The broader context in which all of this unfolds is a global generics industry under siege.

Teva, burdened by litigation and structural debt, has spent recent years rebuilding its balance sheet and pivoting its portfolio. Viatris, meanwhile, has divested billions in assets to simplify its business and fund new product development. Sandoz, freshly independent (it separated from Novartis in 2023), has declared its ambition to dominate global biosimilars in regulated markets.

What distinguishes Sun’s model from the other three is geographic diversity backed by genuine brand equity rather than volume. Where Teva and Viatris derive most of their international revenue from commodity generics sold on price, Sun’s branded generics in emerging markets are grown the way India grew them—through sustained doctor relationships, clinical detailing, and incremental product innovation.

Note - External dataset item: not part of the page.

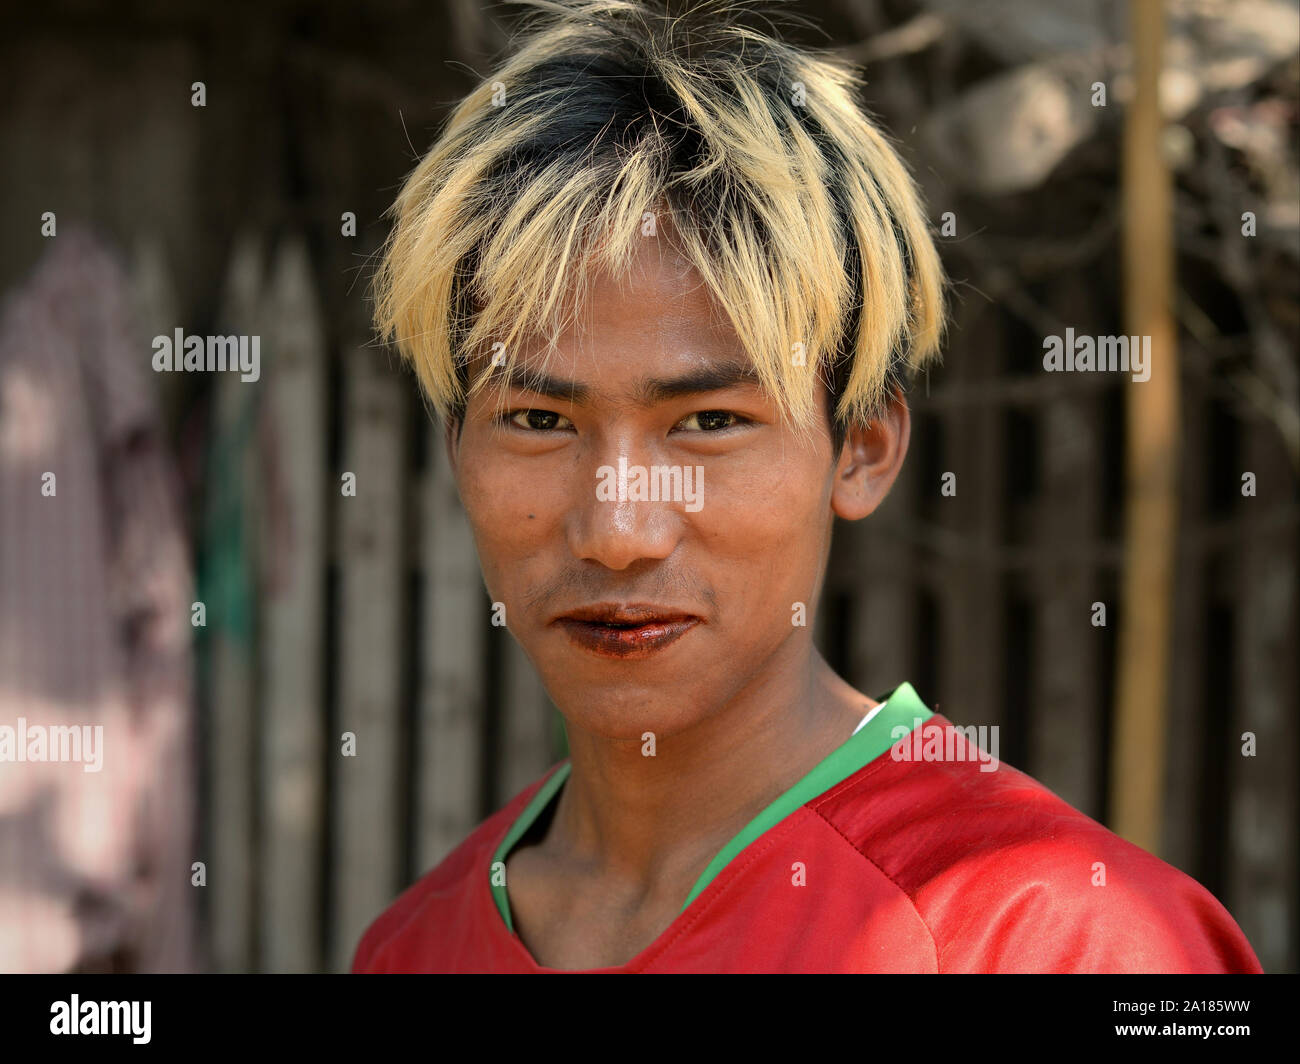 Jeune homme blond-birmane avec les cheveux teints en rouge, et les lèvres tachées de bétel bétel une mâche (feuille de bétel, d'arec, la chaux, les épices et le tabac). Banque D'Images

Post-Organon, 29% of Sun’s revenue will be generated from emerging markets alone. Another significant chunk will come from the expanded rest-of-world business, including a substantially strengthened Western European presence through Organon’s retail front-end. The US, once Sun’s identity, will account for less than a quarter of total revenue.

That shift is not a retreat. It is, in Sun’s own framing, the realisation of what Dilip Shanghvi called the company’s “second belief” — articulated quietly but with evident conviction. “There’s an opportunity to build a successful, multinational pharma company out of India,” he had once said.

The company has now built that multinational. The question for the next decade, and for Aalok Shanghvi is whether he will follow his father’s footsteps, or do better. He is unlikely to say. He would rather let the results speak.